Each of the two major political parties in the US actually consists of two factions that don’t always have the same goals: the presidential party and the congressional party. This point is underscored by today’s New York Times Web column by Carl Hulse (“Giuliani Seen as Sporting Strongest Coattails“). The reasoning here is that a Giuliani nomination would help the GOP reverse, or at least halt, the party’s sharp decline in the Northeast and the Upper Midwest, where voters are generally not as conservative as they are in the party’s Southern base:
“There is no question that he helps us in New England and Pennsylvania and the Rust Belt,” said one senior Congressional Republican who did not want to be identified since he has to work with all the Republican contenders as well as the eventual nominee.
That official and others say Mr.

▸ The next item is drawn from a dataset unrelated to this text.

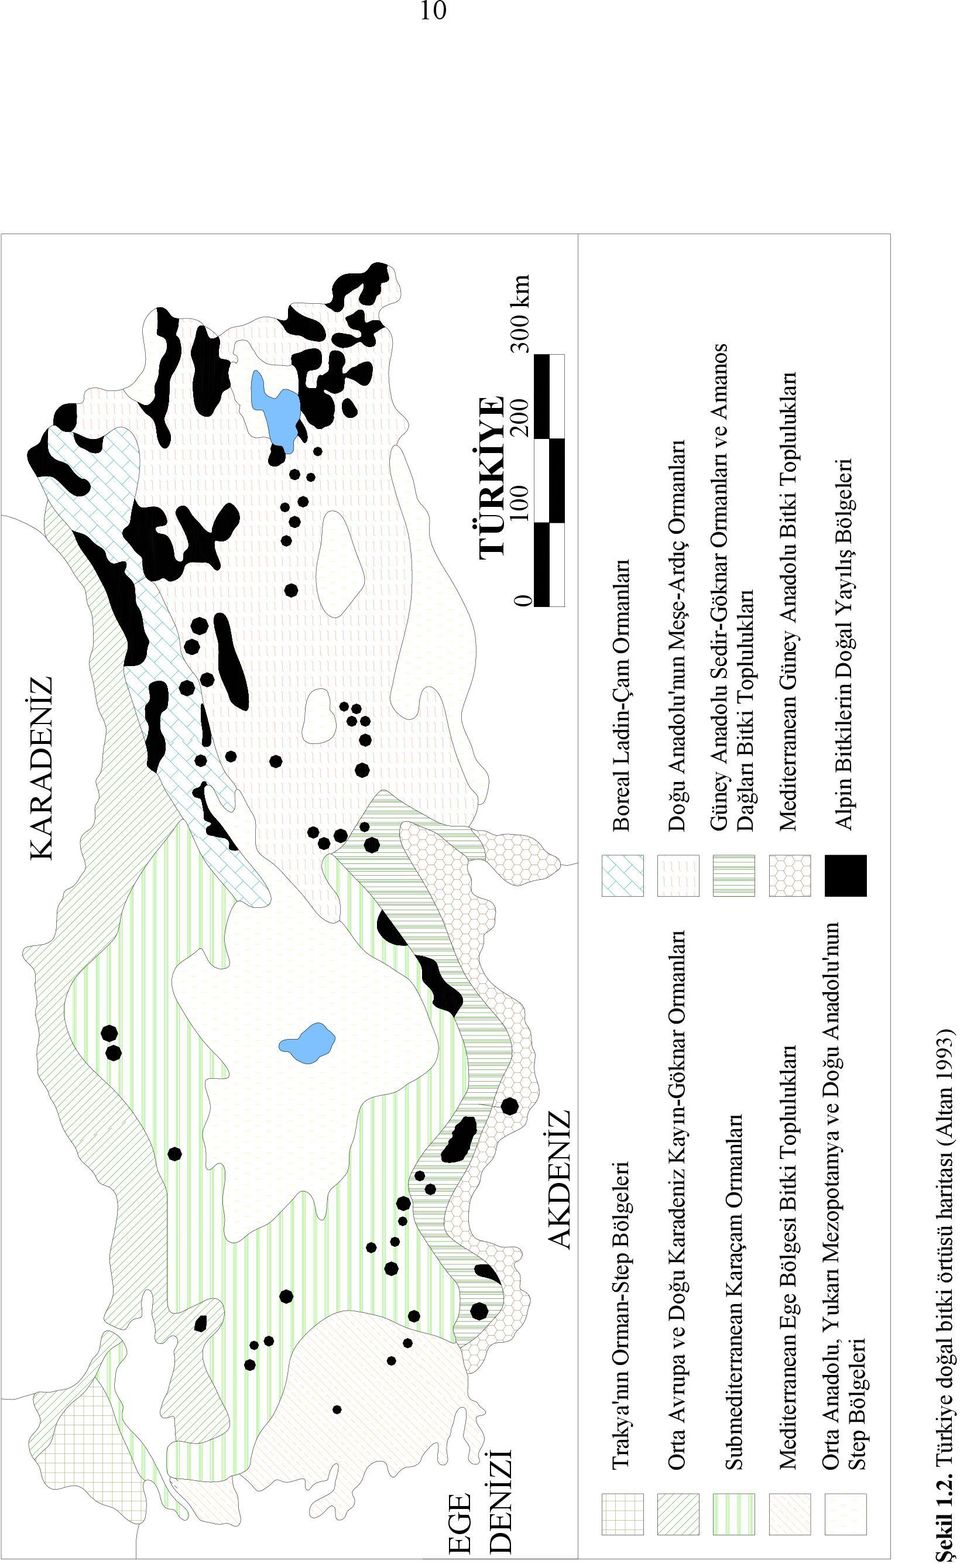 Türkiye doğal bitki örtüsü haritası (Altan 1993) KARADENİZ 0 TÜRKİYE 100 200 300 km Boreal Ladin-Çam Ormanları Doğu Anadolu'nun Meşe-Ardıç
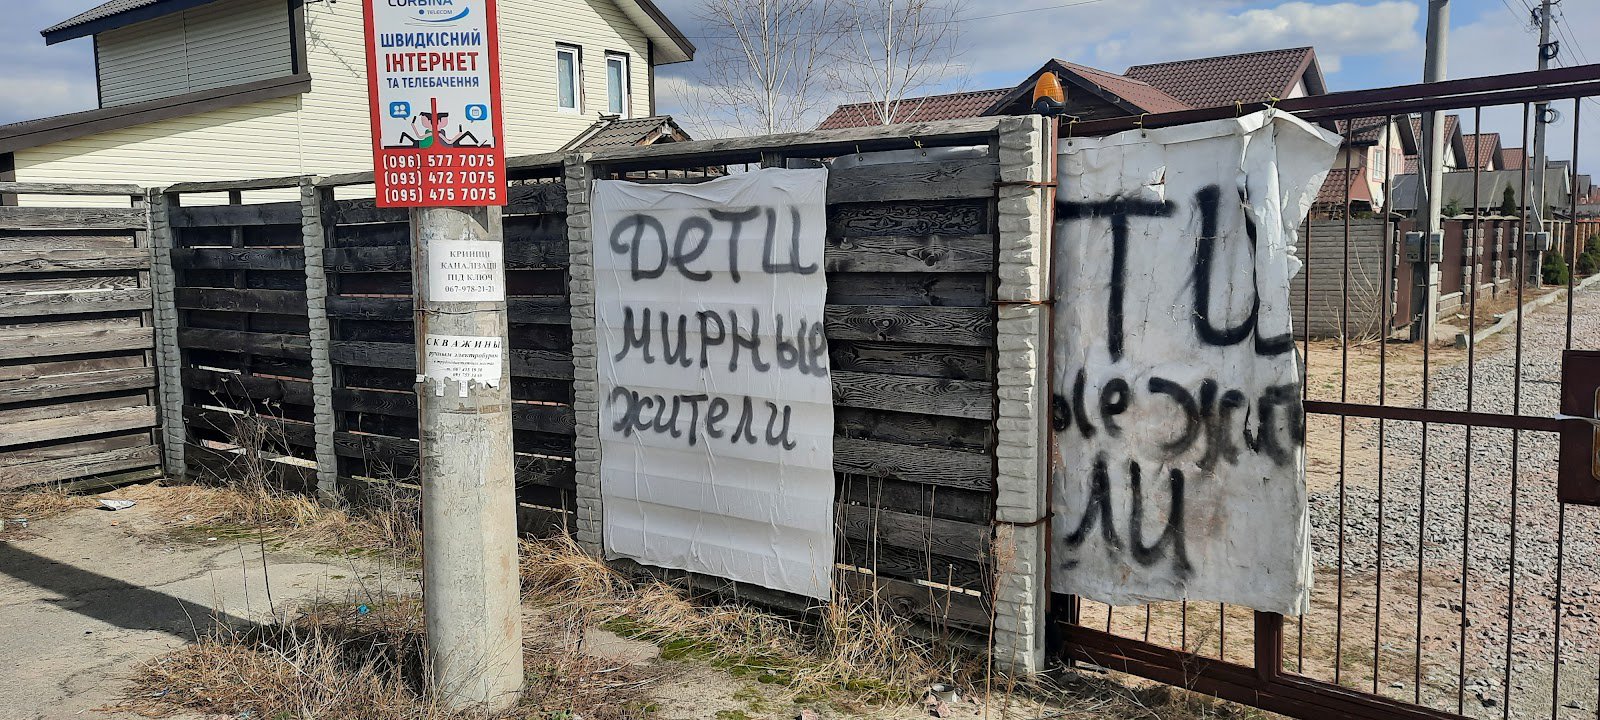 На воротах котеджного містечка був напис із попередженням, що тут цивільні та діти, але росіян це не зупинило.

Giuliani is a much easier sell than some of his rivals in states like Connecticut, where Republicans lost two House seats in 2006, and New Jersey, where Democrats have ideas about ousting a Republican incumbent or two.
What’s interesting is that that off-the-record source does not go so far as to say that Giuliani would carry Connecticut and New Jersey against a Democrat, and recent polls suggest that he would have a tough time pulling such “blue” states away from Hillary Clinton. I could see a scenario in which Giuliani does help the Republican brand enough to save some congressional candidates in more culturally liberal areas but still loses the presidential race. Without George W. Bush as a punching bag, it’s conceivable that the Democrats will lose control of the House of Representatives even as they take back the White House.
If that happens, we might end up with a second President Clinton practicing “triangulation,” or pursuing a middle ground between Democratic activists on the left and a Republican-controlled House on the right. That worked out pretty well for the first President Clinton, so maybe Hillary doesn’t view this prospect with much horror. She is, after all, trying to jump from the Democratic Congressional Party to the Democratic Presidential Party.